First, DOJ should investigate whether post-transaction Verizon will control such a significant amount of spectrum that it would stifle competition. As the FCC Staff Report on the AT&T/T-Mobile merger pointed out, an over-concentration of spectrum held by one carrier can be cause for significant competitive concerns.
December 21, 2011
One day after the AT&T’s takeover bid for T-Mobile collapsed, now it’s the other Bell that’s trying to eliminate competition. Verizon is as aggressively ambitious as AT&T – it’s proposing to work with the cable monopolies to significantly curtail competition in both the wireless and fixed broadband markets.
According to Bloomberg, Verizon’s recent deals to acquire spectrum from cable companies are under investigation by the Department of Justice.
Since early December, Verizon has announced transactions to buy spectrum owned by cable operators. On December 2 Verizon announced it would pay $3.6 billion to Comcast, Time Warner, and Bright House Networks to acquire the AWS spectrum owned by the cable firms. And on December 16 Verizon came to an agreement to pay $315 million to acquire 20 MHz of spectrum owned by Cox Communications.
While these deals are good for Verizon, they are likely harmful to consumers, innovation, and competition in both the fixed and wireless broadband markets. As Bloomberg’s reporting notes, DOJ will focus on whether these deals will lead to Verizon controlling too much spectrum.
CCIA encourages the Department of Justice to fully investigate how much of an anticompetitive impact these transactions will have on the wireless and fixed broadband markets. While this merger is not an obviously horizontal combination in the same way the failed AT&T/T-Mobile transaction was, these deals should alarm antitrust authorities.
The second, and potentially more important matter DOJ should investigate is whether these deals are effectively an illegal restraint of trade under Section 1 of the Sherman Act. Specifically, do these deals mean that cable companies and Verizon have an understanding to not enter the other’s markets?
For years, pro-competition groups like CCIA have lamented the fact that both the wireless and fixed broadband markets are ultra-concentrated. In the fixed broadband market there are effectively regional monopolies, with most customers only having one cable provider to choose from. The wireless market is slightly more competitive, but as we’ve noted previously, in both 2010 and 2011 the FCC has failed to conclude that wireless broadband is an effectively competitive market.

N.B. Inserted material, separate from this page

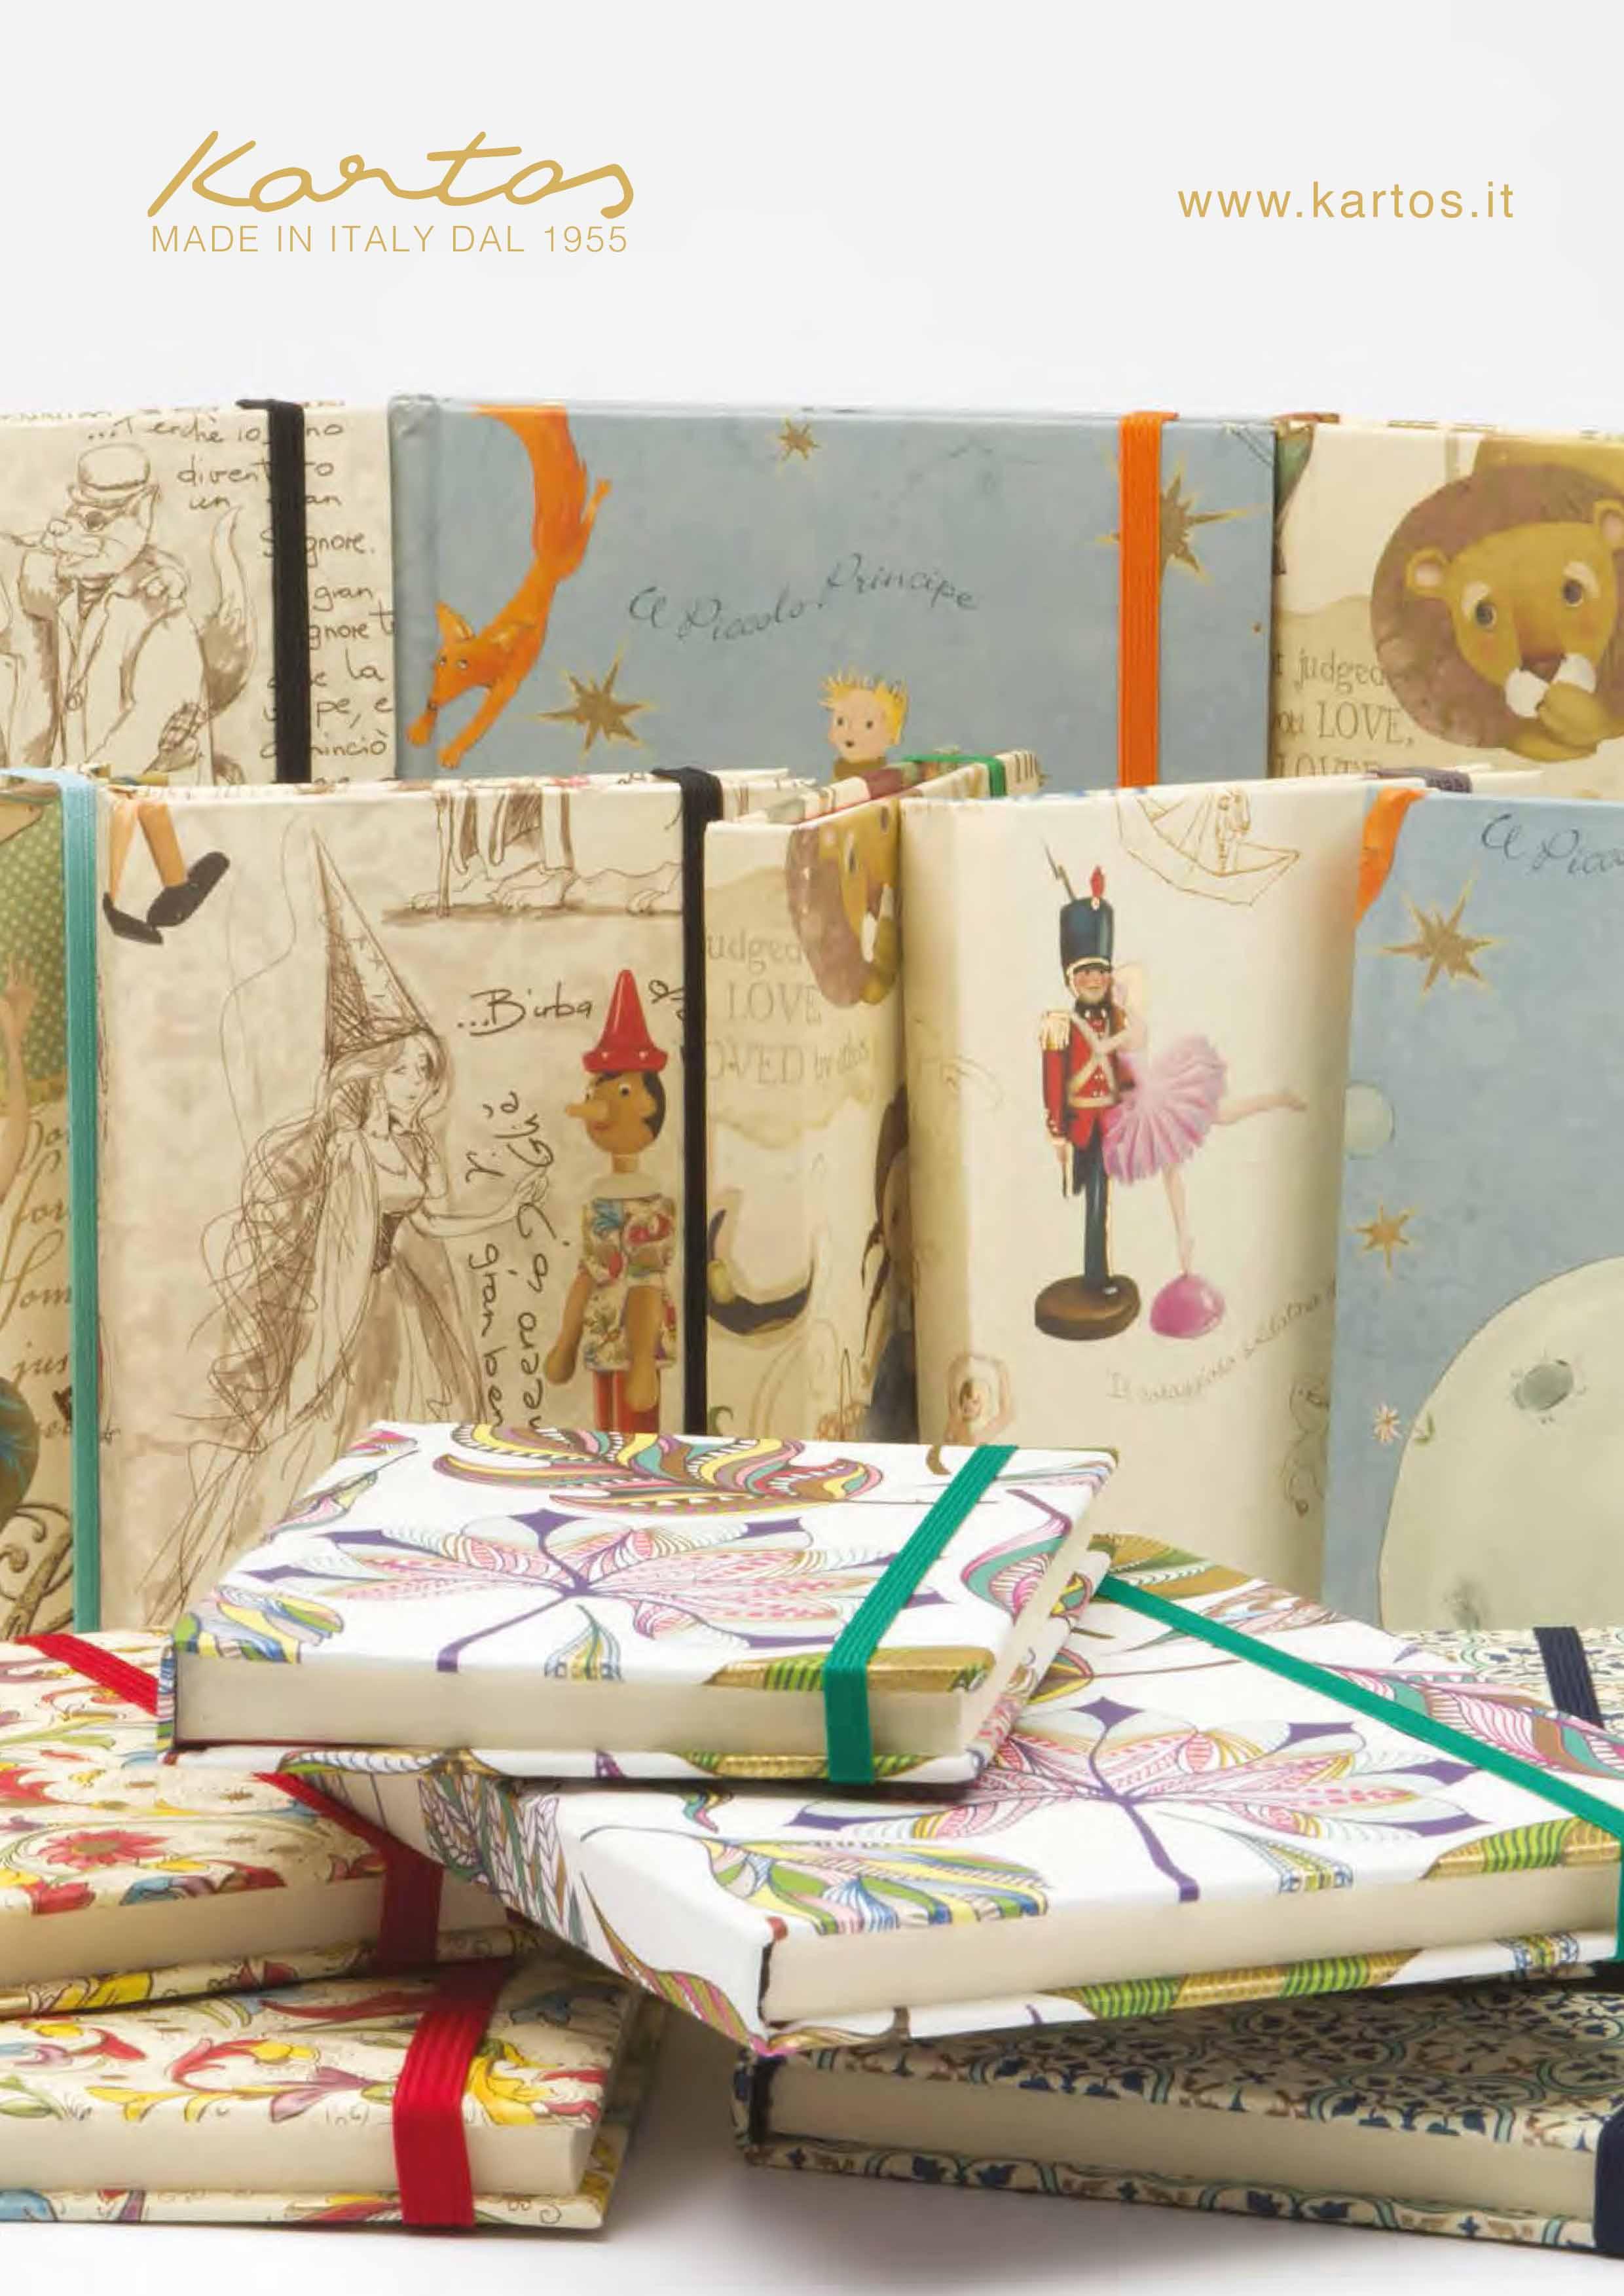 Zápisníky (tvrdé desky)

However, the AWS spectrum auction in 2007 gave many hope that cable firms would launch wireless networks to compete with AT&T and Verizon. And as cable companies invested in wireless spectrum, Verizon began to build out its FiOS service to compete with the cable companies on their own turf. In 2010 Cox entered the marketplace offering wireless services over Sprint’s network. Finally, in 2011 DISH Network acquired wireless spectrum through acquisitions of DBSD and TerreStar with the intention to offer wireless broadband services.
Things were looking up for broadband competition. Cable firms would compete in wireless markets and wireless firms would offer fixed broadband services. We hoped the broadband market would become dynamically competitive, spurring waves of innovation and lowering prices for consumers along the way.

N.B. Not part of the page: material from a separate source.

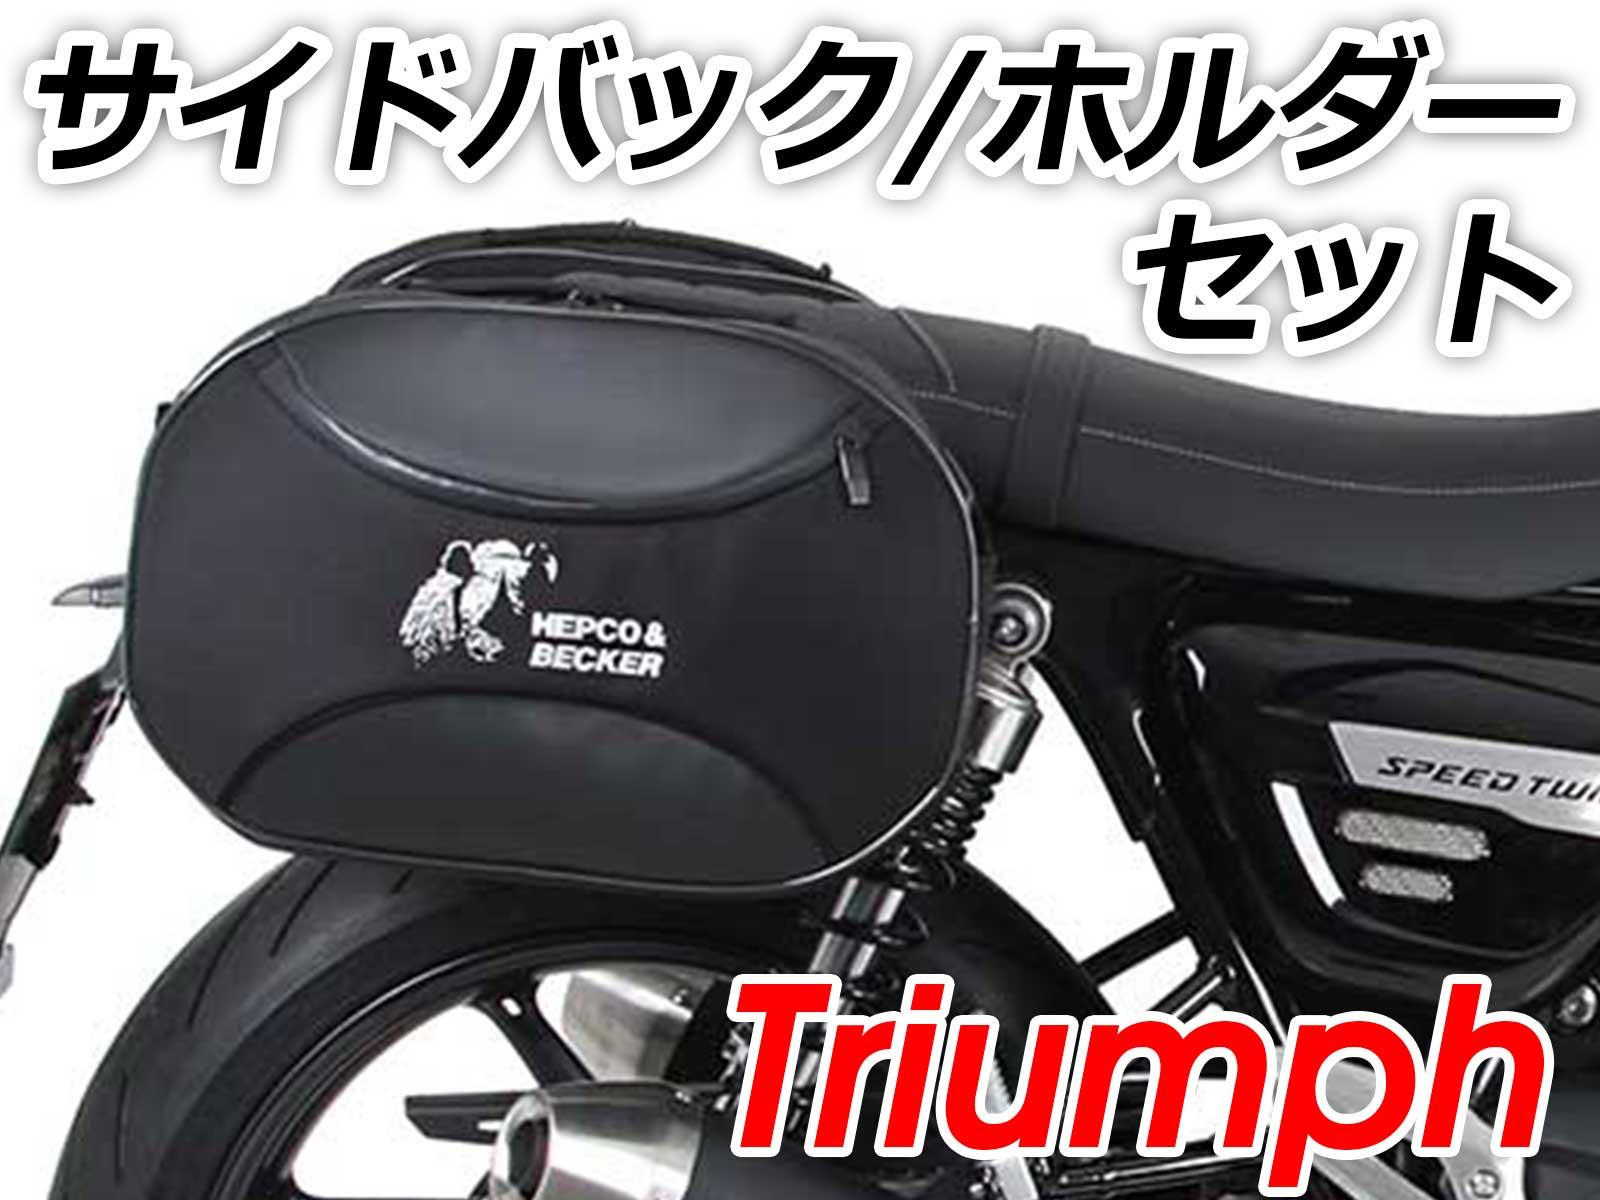 Triumph用 ヘプコ&ベッカー ホルダー+バックセット C-Bow + StreetNEO / Royster / Orbit

Unfortunately, it never happened. Cox has discontinued its wireless service, DISH is awaiting an FCC decision to grant it a waiver to begin operating its wireless network, and the cable firms have made the decision to sell out to Verizon. On the fixed broadband side, Verizon has decided to stop expanding FiOS.
However, the timing of these deals, along with decisions by Cox to exit the wireless market and Verizon to halt its entry into the cable markets is curious.

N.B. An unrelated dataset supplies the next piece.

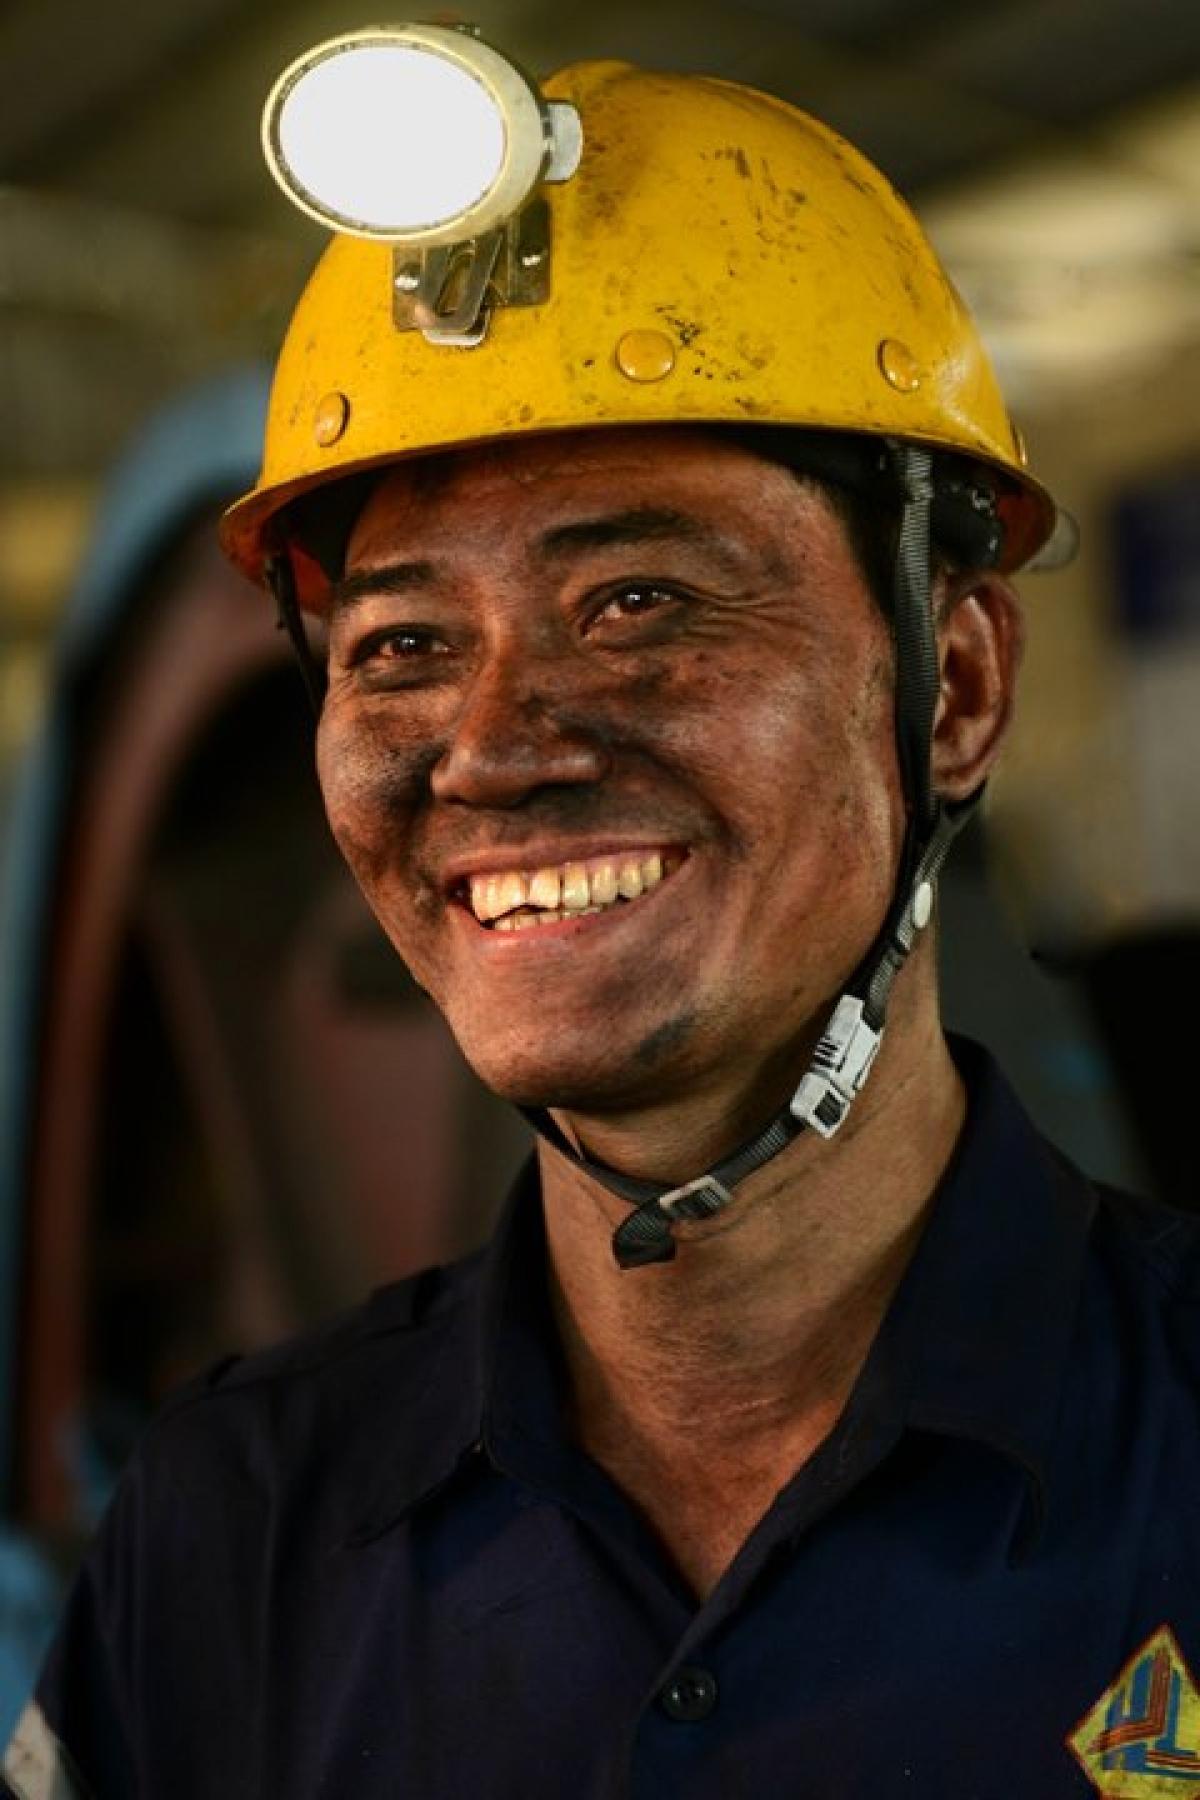 Anh hùng Lao động Nguyễn Trọng Thái- Tổ trưởng sản xuất Công trường kiến thiết cơ bản 1- Công ty Than Hà Lầm.

Antitrust investigators should investigate the potential Section 1 questions that these decisions raise before these deals are approved. Have cable firms and Verizon colluded to split up the marketplace for broadband services – Verizon taking the wireless market and getting access to sell wireless services to cable customers in return for agreeing to cease and desist its encroachment into monopoly cable markets along with the assurance that cable firms won’t partner with other wireless carriers to deploy competing mobile broadband services?
Competition benefits consumers in many ways and helps spawn the thousands of companies which seek to disseminate their products and services widely and not be vulnerable to a few dominant carriers. It needs to be preserved!